Improve exponential implicit search space

Question

Improve exponential implicit search space

pheymann opened this issue 6 years ago · comments

Currently, we experience an exponential growth of compile times with increasing API sizes. Taking a look at compiler statistics shows that we waste a lot of time during implicit resolution (as expected):

API:

:= :> Query[String]("test1") :> Query[String]("test4") :> Query[String]("test2") :> Query[String]("test3") :> Put[Json, User]

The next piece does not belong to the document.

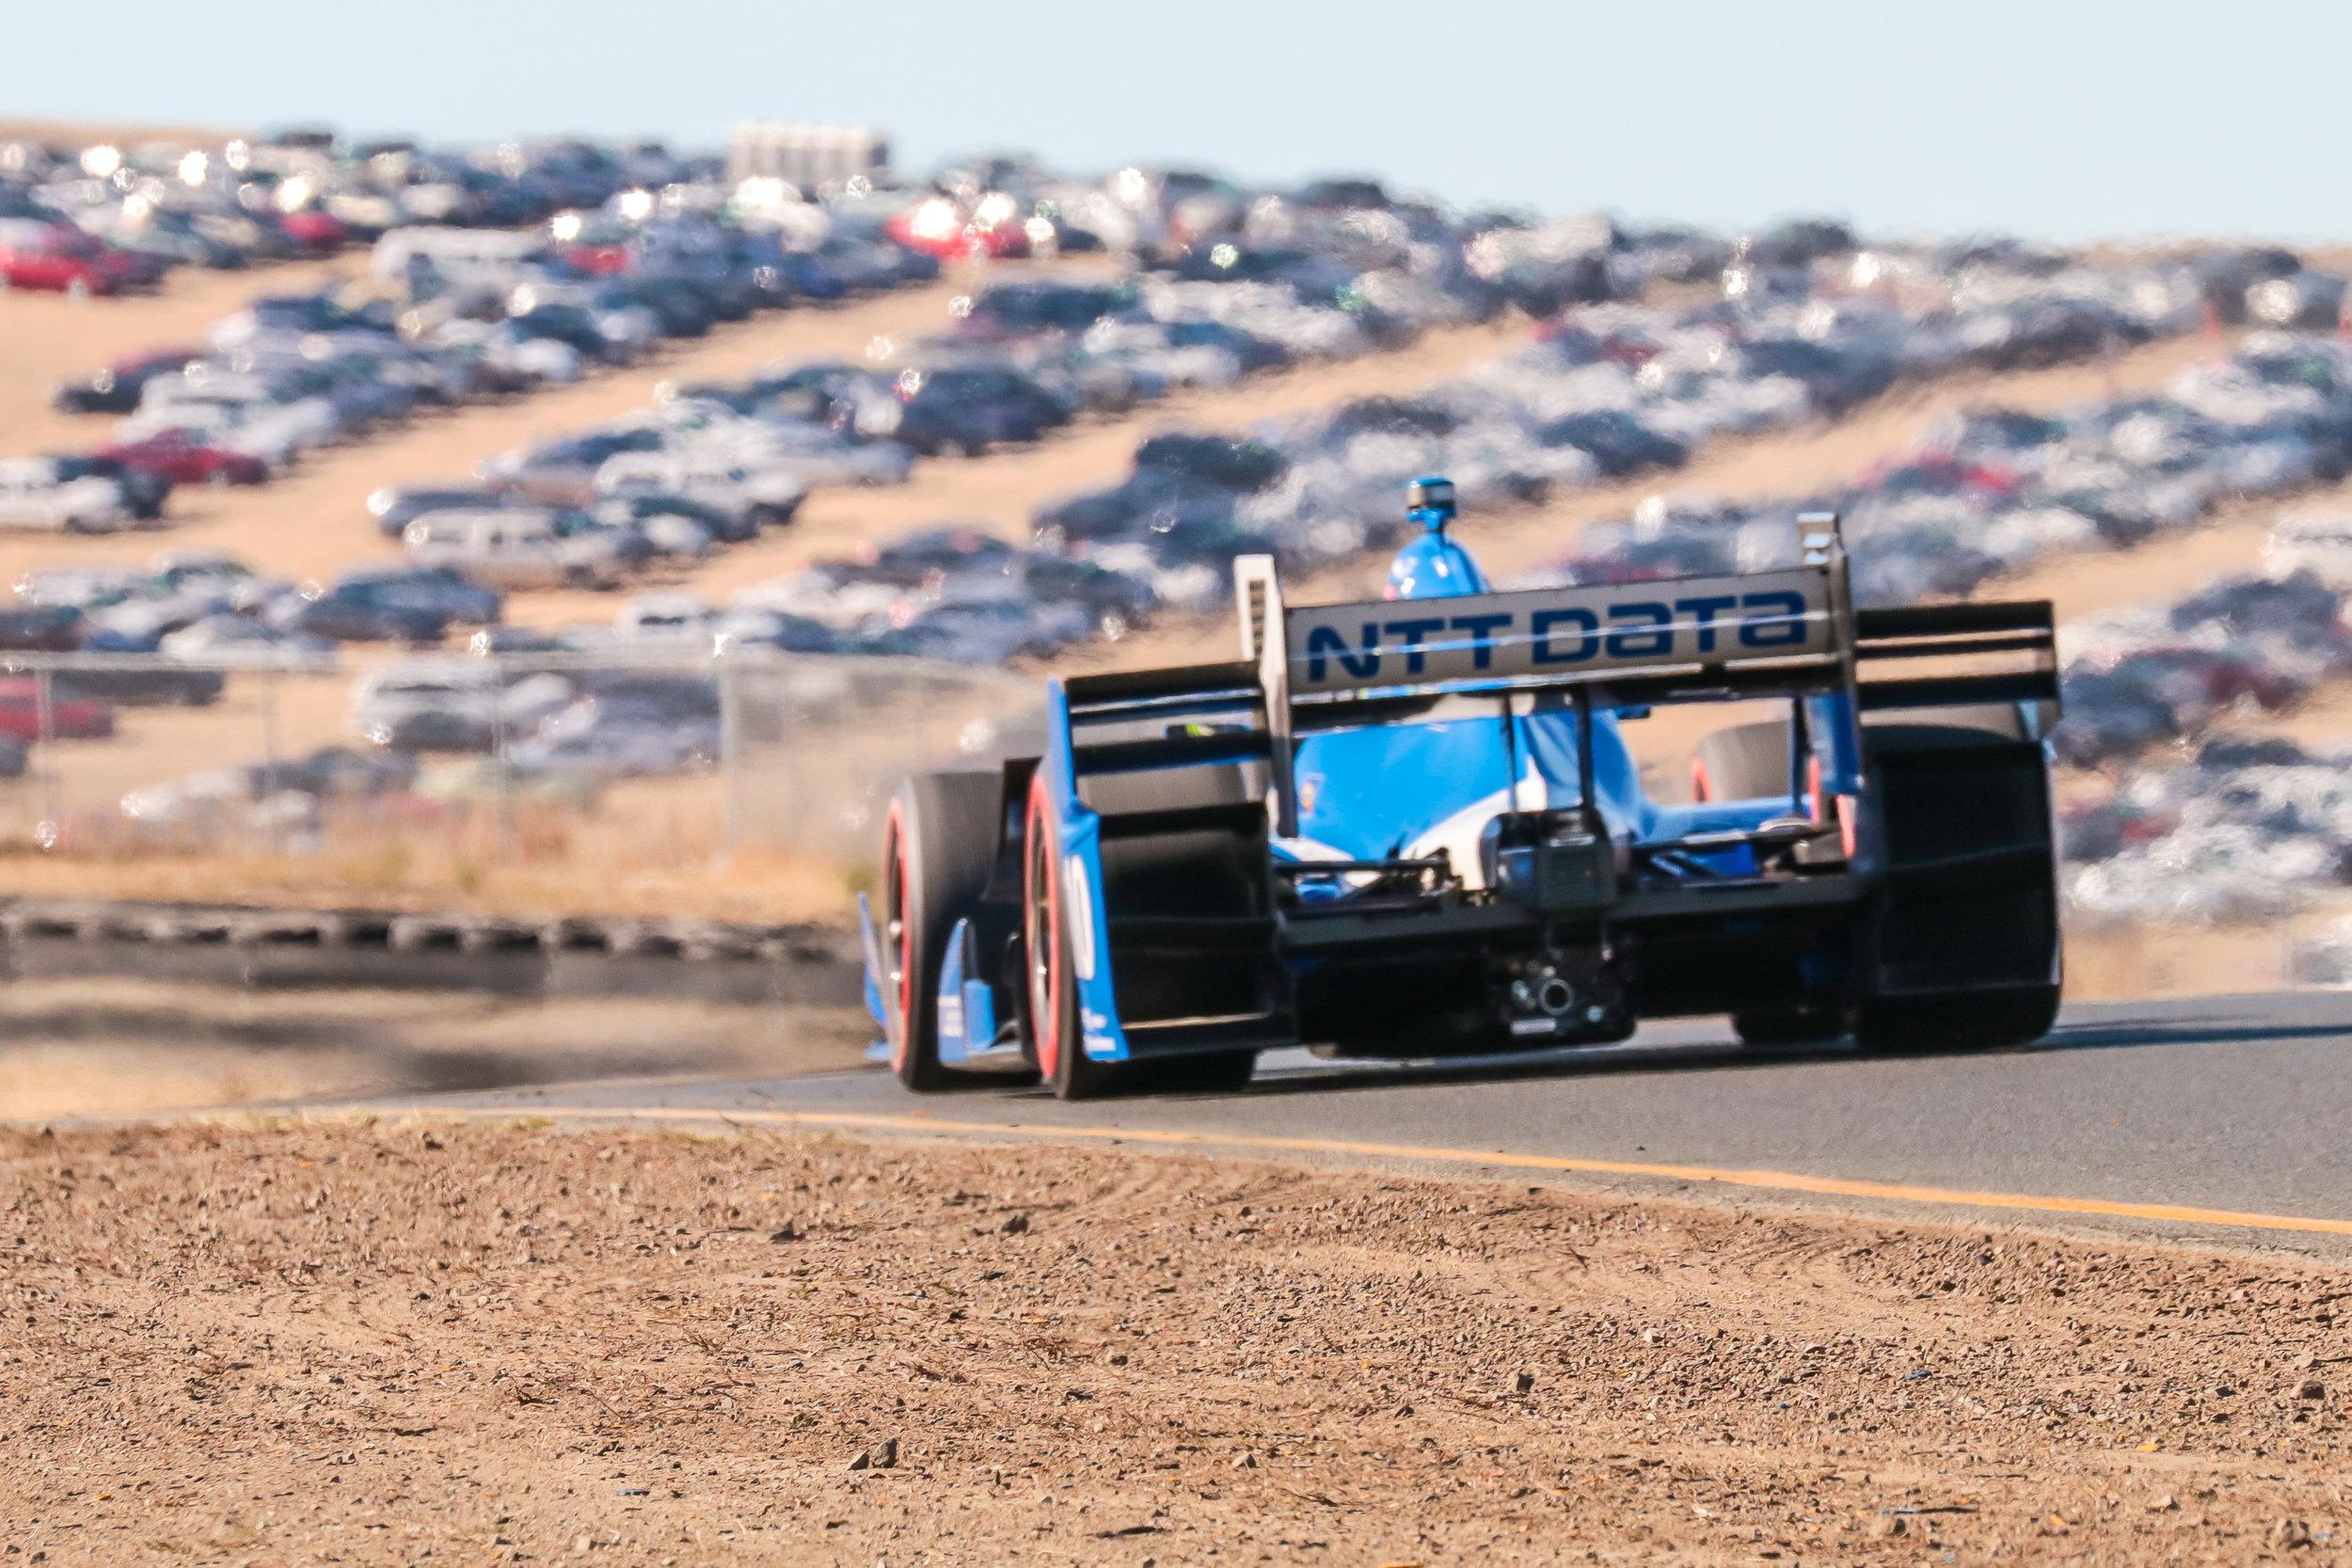 Indy16-3210.jpg

Statistics (-Ystatistics:typer):

time spent in implicits       : 276 spans, 1635ms (90.1%)
   successful in scope         : 129 spans, 1159ms (63.9%)
   failed in scope             : 147 spans, 1372ms (75.6%)
   successful of type          : 49 spans, 1554ms (85.6%)
   failed of type              : 98 spans, 1190ms (65.6%)
   assembling parts            : 144 spans, 59ms (3.3%)
   matchesPT                   : 11475 spans, 172ms (9.5%)
time spent in macroExpand     : 216 spans, 1351ms (74.4%)

The time to do the macro expansions significantly increases with the number of elements. My best guess why that is happening are the following actions:

Lazy expansion during TypelevelFoldLeft derivation
repeated Witness derivation (API type creation and during RequestDataBuilder/RouteExtractor derivation

We also face the problem of multiple passes of the API type. But that should "only" add a constant factor to the compile time.

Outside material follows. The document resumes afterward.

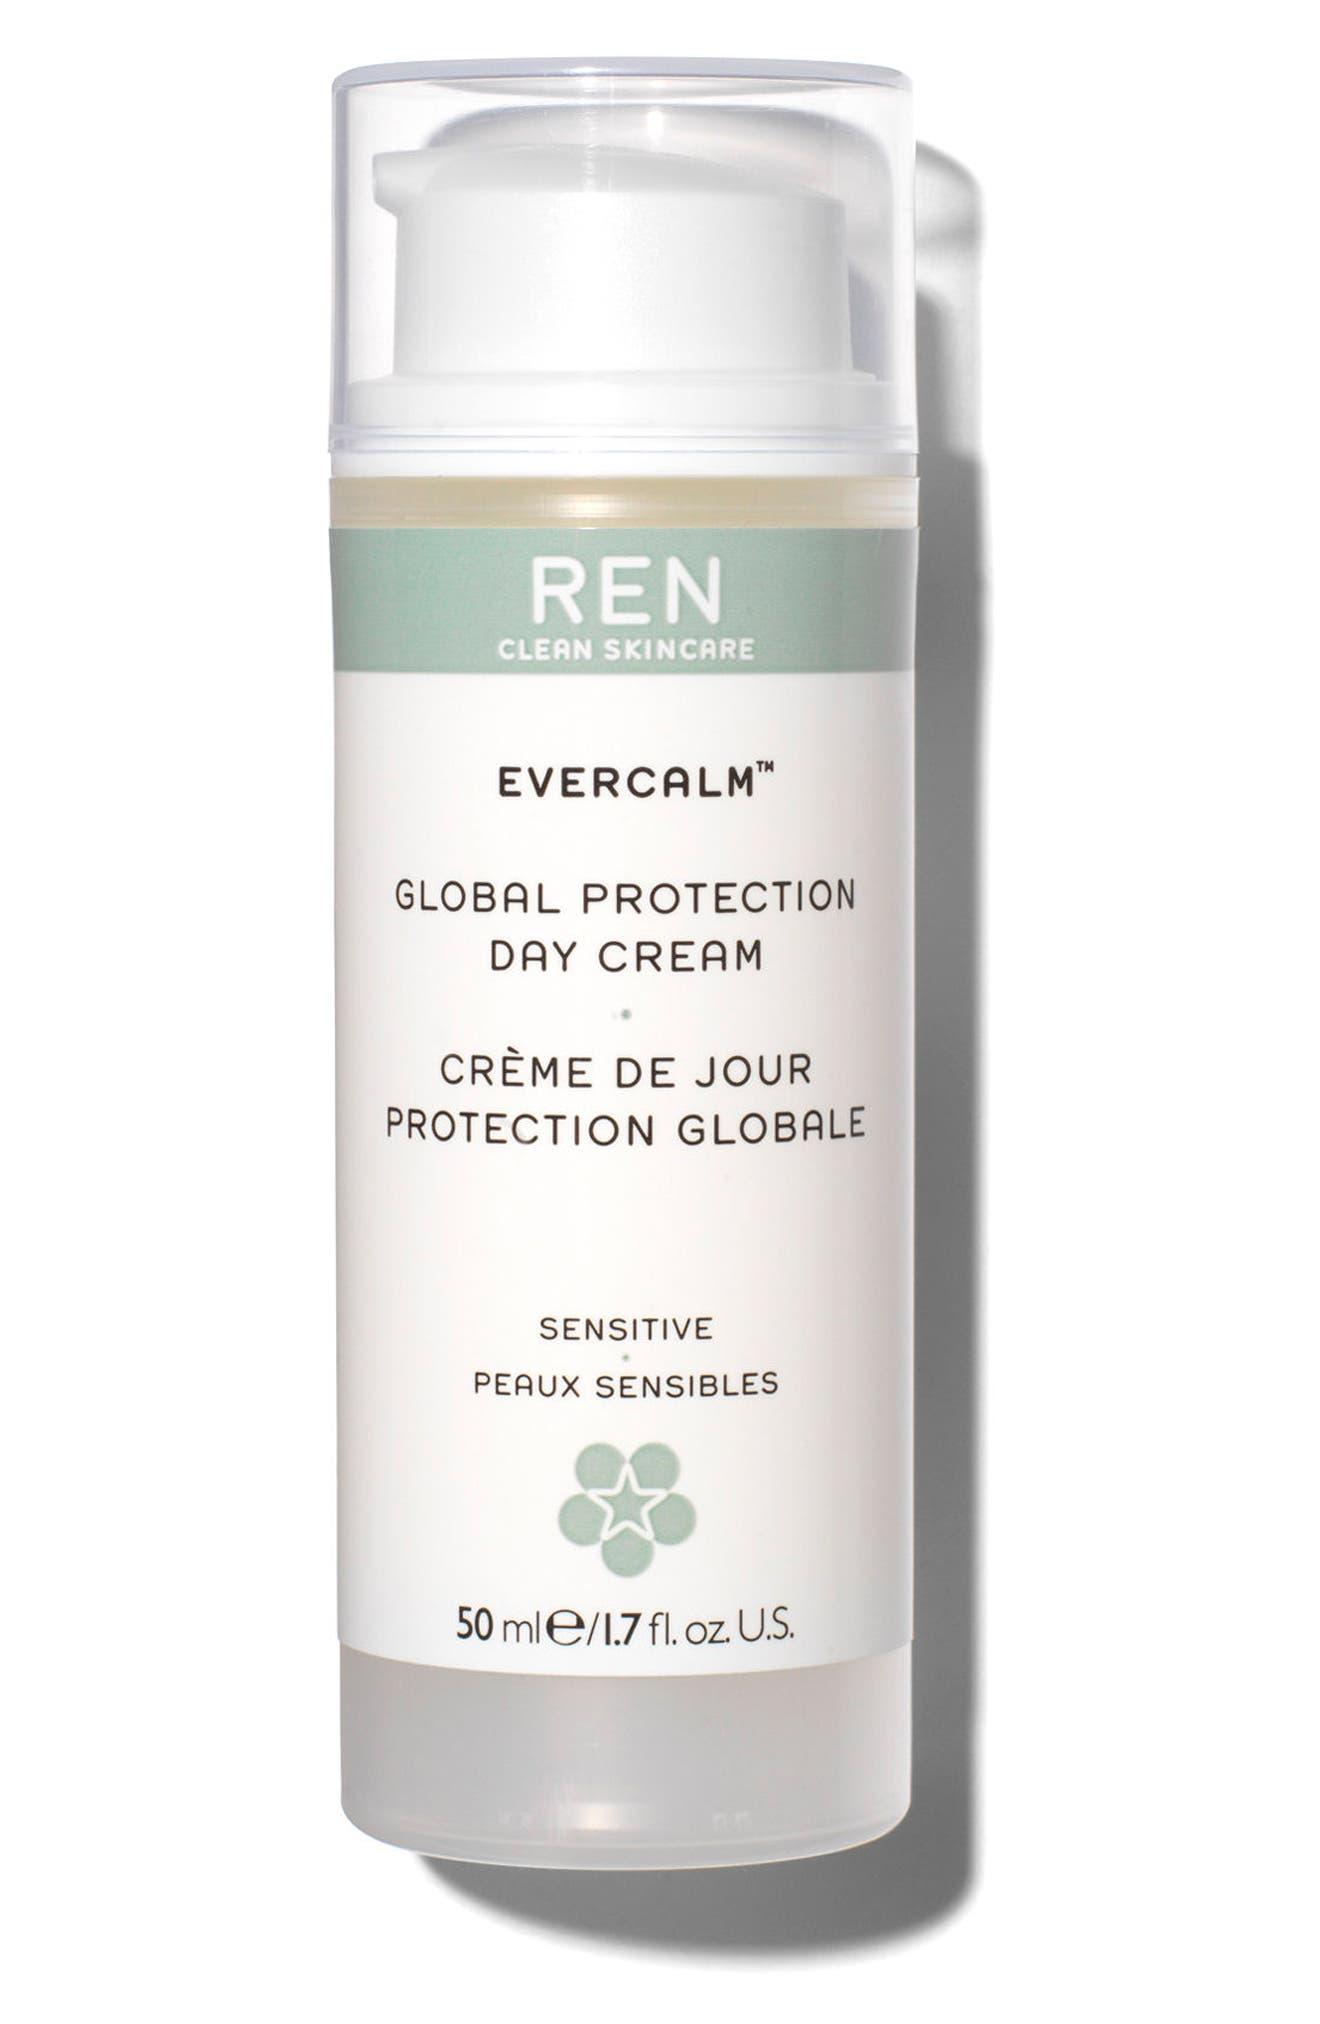 Ren EVERCALM(TM) GLOBAL PROTECTION DAY CREAM

An indicator that the recursive Lazy resolution during the TypelevelFoldLeft derivation could be the main problem is given by the fact that Witness derivation during API-to-type transformation needs considerable less time:

time spent in implicits       : 28 spans, 139ms (27.5%)
   successful in scope         : 0 spans, 0ms (0.0%)
   failed in scope             : 28 spans, 88ms (17.5%)
   successful of type          : 6 spans, 38ms (7.7%)
   failed of type              : 22 spans, 11ms (2.2%)
   assembling parts            : 28 spans, 3ms (0.6%)
   matchesPT                   : 430 spans, 10ms (2.0%)
time spent in macroExpand     : 5 spans, 24ms (4.9%)

To get a complete picture I need to profile the compiler. But before doing that I will start by implementing a low hanging fruit which is fusing the different derivation passes. Instead of having a fold, request data, etc. pass I will fuse them into a single pass. That way I should get rid of the recursive Lazy and spare me the repeated iterations.

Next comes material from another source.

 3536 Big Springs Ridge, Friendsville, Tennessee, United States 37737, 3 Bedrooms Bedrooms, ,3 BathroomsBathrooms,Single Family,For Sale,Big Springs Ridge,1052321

If the problem still persists I have to invest more time and take a deeper look.

Paul Heymann · Answer 1 · Wed May 22 2019 17:34:48 GMT+0800 (China Standard Time)

I think this problem can be solved by merging the different transformation stages into a single one. That means, instead of having a HList of ApiElements which we transform into a tuple storing ApiOps and Witnesses we directly create the tuple. Thus we would get rid of TypeLevelFoldLeft and the corresponding computations.

Furthermore, we could take a look into implicit caching to reduce the number of Witness derivations.

Until this problem isn't solved, I will mark this project/repository as experimental.